Earl - you need to do better research - a bit like your claim a few months ago that cycling had increased by 40% much of what you post is unsubstantiated, baseless and parroted from the pro-LTN narrative. You are trying to throw doubt on the sources of the details I posted but they come from Southwark themselves (well the company that they employ to monitor called Systra).

 

You will find the document on the SOuthwark website here (page 11): https://moderngov.southwark.gov.uk/documents/s101515/Appendix C 6 - Dulwich Streetspace FAQs.pdf

 

The 20% rise in car use on the A205 post LTN implementation is interesting isn't it - being based on GPS data is interesting as well as it can't be fudged or manipulated like some other monitoring collection. Interesting too is that the council didn't put any actions in place to further investigate that 20% rise (although interesting that the council narrative did start to change about how A roads are designed for higher volumes of traffic as if boundary roads need to be considered the sacrificial lambs for LTNs) - there are huge swathes of Dulwich LTN boundary roads that have never properly been monitored (A205, Underhill Road etc) - can you hazard a guess as to why that might be?

 

Also your claim that the LTN data for Dulwich "consistently shows a drop in car use" is also unsubstantiated, baseless and wrong. Anyone who looks at the Streetspace dashboard can see for themselves the patterns and trends - and this completely negates the council's promise of reducing traffic for all - interesting again that, since the trend for traffic on the dashboard started to worsen, the council has stop providing updates and has removed most of the monitoring strips - again, no explanation from the council as to why:

 

https://www.southwark.gov.uk/transport-and-roads/improving-our-streets/live-projects/streetspace/traffic-data-analysis

 

All of the above is why One Dulwich want to council to share more data and do more rigorous analysis because the picture is far from complete and basing conclusions on conjecture, hearsay or what you hope is happening is not a true reflection of what is actually happening. As I said before politicians like nothing more than to reset and recalibrate when they can blame someone else for previous failings and it may well be that Cllr Rose's departure is the catalyst for a long overdue reset on how the council manage this - bottom line is the current LTNs will not be removed but we can all hope those who are living with the LTN displacement get fairer treatment from the council moving forward.
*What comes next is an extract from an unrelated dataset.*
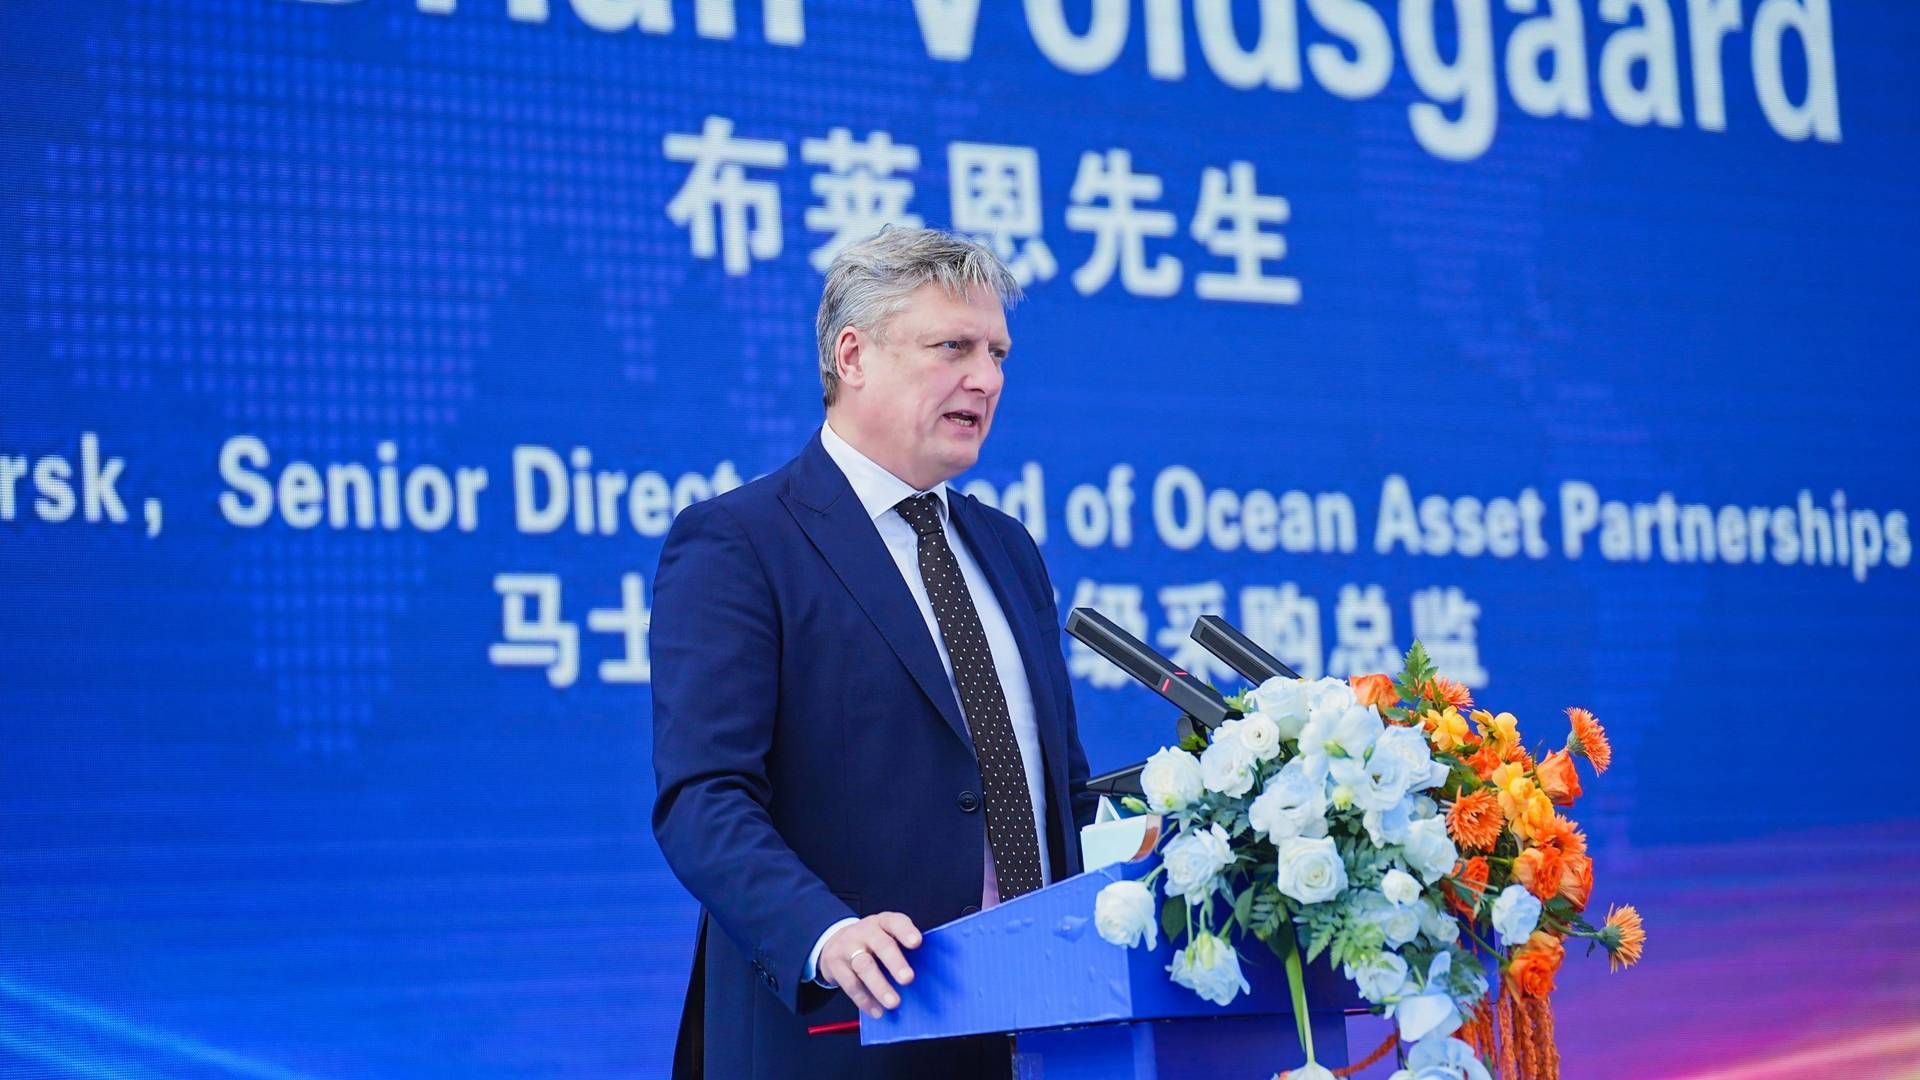 Brian Voldsgaard, the Maersk Group's procurement director, attended the ceremony in Shanghai where the agreement was officially signed. | Photo: Zhoushan Xinya maersk

Do you really buy the idea that groups like One Dulwich have any interest in reducing car use? In areas where they've successfully campaigned to have LTNs removed, they have quickly disbanded. Removing restrictions on car use is really all they care about. And it is very clear that removing restrictions on car use, increases car use. 

@rockets - I note that you omitted the conclusion on the South Circular: "It is therefore hard to draw a firm conclusion about how traffic volumes on the South Circular have changed since the implementation of the Streetspace measures."

...also, what are you looking at on the data dashboard? It shows consistent drops in vehicle counts across the area.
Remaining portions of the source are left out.